Дама Тулуза

— Ой, надо же… — тянет Петронилла.

— Держи-ка.

Понс осторожно опускает распятие на пол. Петронилла берется за обе перекладины креста, чтобы Иисус не упал и не ударился. Проводит по деревянным выступающим ребрам. На пальцах остается толстый слой пыли.

— Граф велел тебе умыть его, да? — допытывается Петронилла. Она очень довольна своей догадливостью. Сама-то она умыта и переодета в свежую рубашку.

Понс спрыгивает на пол, обтирает руки об одежду.

— Давай сюда.

Он забирает у Петрониллы распятие, готовится завернуть его в холстину.

— Куда ты его понесешь?

— В оружейную. Граф велел снять.

— Почему?

Хрипловатый грудной голос за спиной:

— Потому что это неприлично, дитя.

Петронилла поворачивается на этот голос.

— Добрая…

Положено говорить «добрая женщина», и Петронилла знает это, но язык не поворачивается. Встав на колени, Петронилла произносит:

— Добрая госпожа.

И замолкает, смущенная.

Понс сердито ворчит себе под нос, утаскивая запеленутого Иисуса наверх, в оружейную.

Женщина говорит Петронилле — очень тихо:

— Поднимись, дитя. Не нужно все время вставать на колени.

От растерянности Петронилла прямодушно брякает:

— А я не знаю, как надо поступать, добрая госпожа.

Женщина называет свое имя — Эрмесинда.

Немного осмелев, Петронилла спрашивает:

— Почему Иисус — это неприлично?

Несколько мгновений Эрмесинда созерцает пустое место на стене, где висело распятие.

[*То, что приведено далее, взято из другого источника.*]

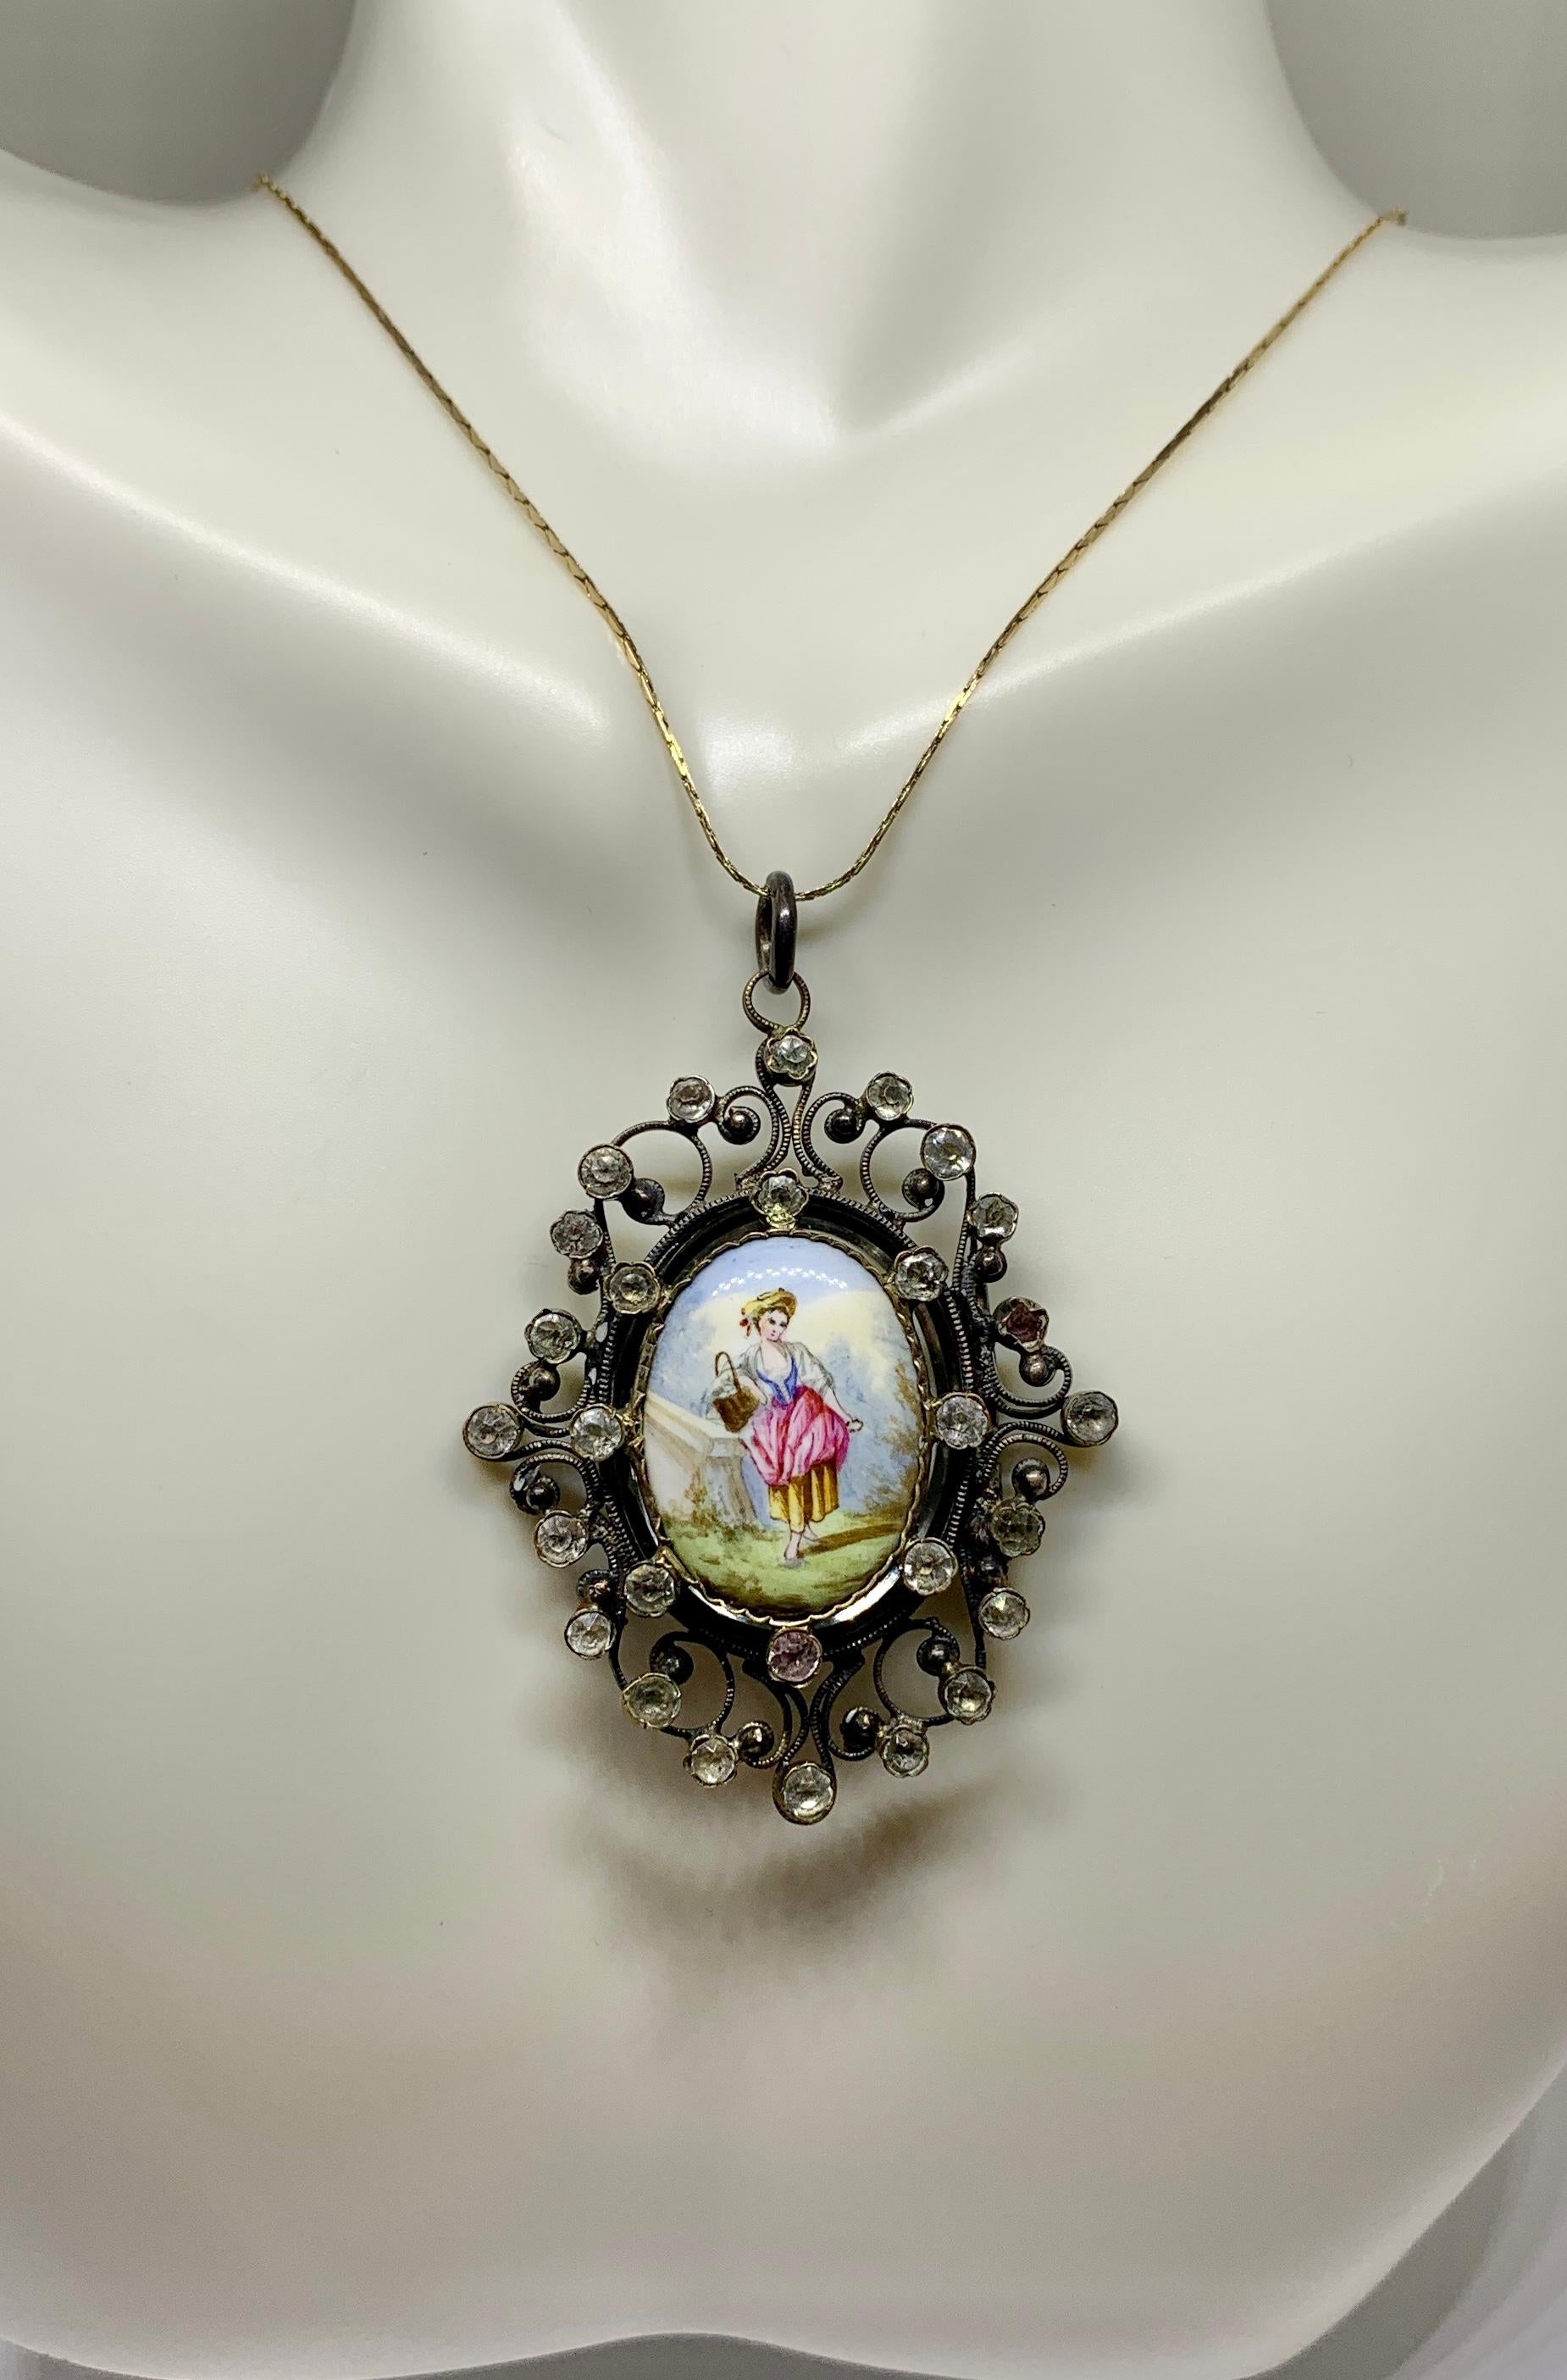 This is a gorgeous Locket Pendant with a hand painted enamel scene of a woman with her basket of eggs in a pastoral scene surrounded by a wonderful filigree silver setting with paste stones.  The early antique jewel dates to the 19th Century.  The

Поднятое вверх, ее спокойное лицо обращено к Петронилле в профиль. Строгие, скупые очертания.

У Петрониллы само собой вырывается:

— Господи! Как вы красивы, госпожа Эрмесинда!

Лицо женщины остается бесстрастным. Не отводя взора от пятна на стене, она говорит — вполголоса, так, что девочка запоминает каждое слово:

— Непристойно обожать статуи и изображения. Иисус приходил освободить нас от идолопоклонства. Неприлично жевать, вывесив над столом идола, и называть это «христианской трапезой». Ах, дитя, неужели кусок не застревает у тебя в горле? — Помолчав еще немного, добавляет: — А крест, это орудие торжества сатаны, — он особенно отвратителен.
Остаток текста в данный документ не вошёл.